The Academic Friends of Israel

 Vol 8 No 4                                                             17 February 2009  

Student occupations –Blogs - UCU elections  

The outlook in the UK is gloomy and I’m not talking about the credit crunch. Not only have we suffered the highest number antisemitic incidents ever recorded in one month, but we have also had to contend with student occupations on campus as well as reports which have been published on bias in the media and an analysis of UK involvement in the West Bank settlements.

The Community Security Trust has said that January 2009 was the worst month ever for antisemitic incidents in Britain. The upsurge of over 250 incidents linked to Israel’s Gaza incursion is almost half the total number of antisemitic incidents in 2008. Israel’s invasion of Gaza has led to 21 student occupations so far at our universities.*

The students’ demands have all been fairly similar: a University statement condemning Israel’s invasion, the creation of a scholarship programme for Palestinian students, twinning with the Islamic University of Gaza, the showing the Gaza appeal, the one the BBC refused to broadcast and the suspension of links with defence companies especially those involved in supplying arms to Israel. 

Other demands are based on the Durban conference boycott, divestments and sanctions programme requiring the universities to divest from companies that are involved in supporting the Israeli “occupation” such as Caterpillar and a ban on the sale of Israeli food and drink products on campus.  

Our university authorities have dealt with the occupations in different ways ranging from reaching a settlement within 24 hours to the forcible eviction of the students, the majority of them issuing statements which meet their students’ demands. Strathclyde University in Scotland went one step further and cancelled its contract with its main water cooler supplier, the Israeli owned company, Eden Springs.  

The students’ grass roots action which is by no means over has lessons for everyone. It has been organised by use of blogs, texts and social networking sites. The National Union of Students [NUS] has been completely sidelined and has had no input or control of the actions. 

In recent years the leaders of Anglo-Jewry have had to contend with many threats to our community including an academic boycott of Israel and they have been talking to both the Government and the Universities during the last month. The Union of Jewish students has also been working hard but like NUS they have only been able to monitor rather than influence events.  The rise in antisemitism is because British Jews are being held responsible for the actions of the state of Israel and the rhetoric used often fails to distinguish between Jews and Israelis.  

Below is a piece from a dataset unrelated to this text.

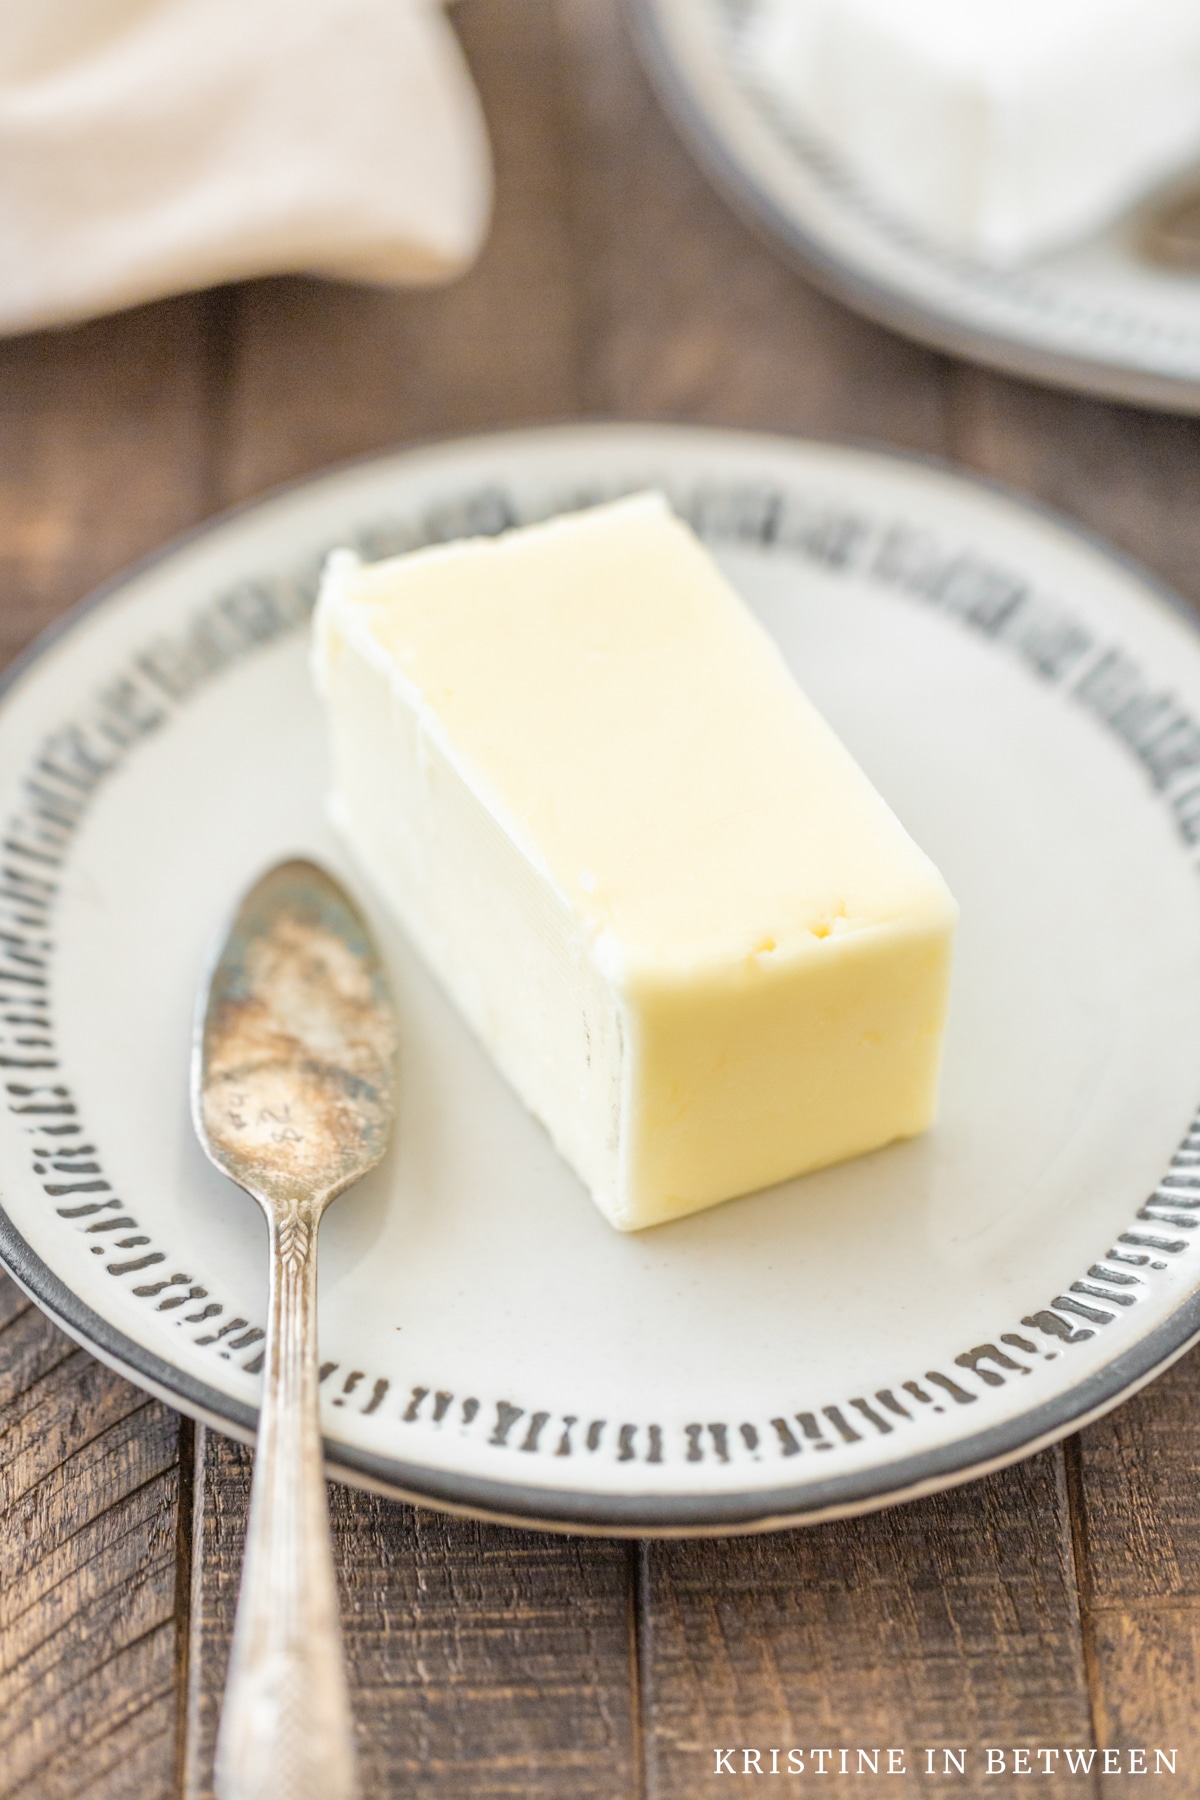 A plate of butter sitting with a butter knife.

Anglo Jewry’s failure to learn from their inaction in the 1970’s, the era of “Zionism is racism” has come home to roost both on campus and with the trade unions. The Vice-Chancellors of our universities have shown in the last month that they have the power to deal with student activism if they want to. How they react depends on their personal experience which often includes their opposition to apartheid in South Africa. However their knowledge and understanding of Israel or what is antisemitism is often limited and inaccurate. I have written many times in the past calling for educational programmes for both senior academics and students which include visits to Israel - yet all to no avail.  

My worry is that the current generation of students is being brought up on a diet of “Israel is a racist and apartheid state” and these experiences will be with them for the rest of their life. How will they react in 25 years time when they are in positions of power and influence towards the actions of the state of Israel? 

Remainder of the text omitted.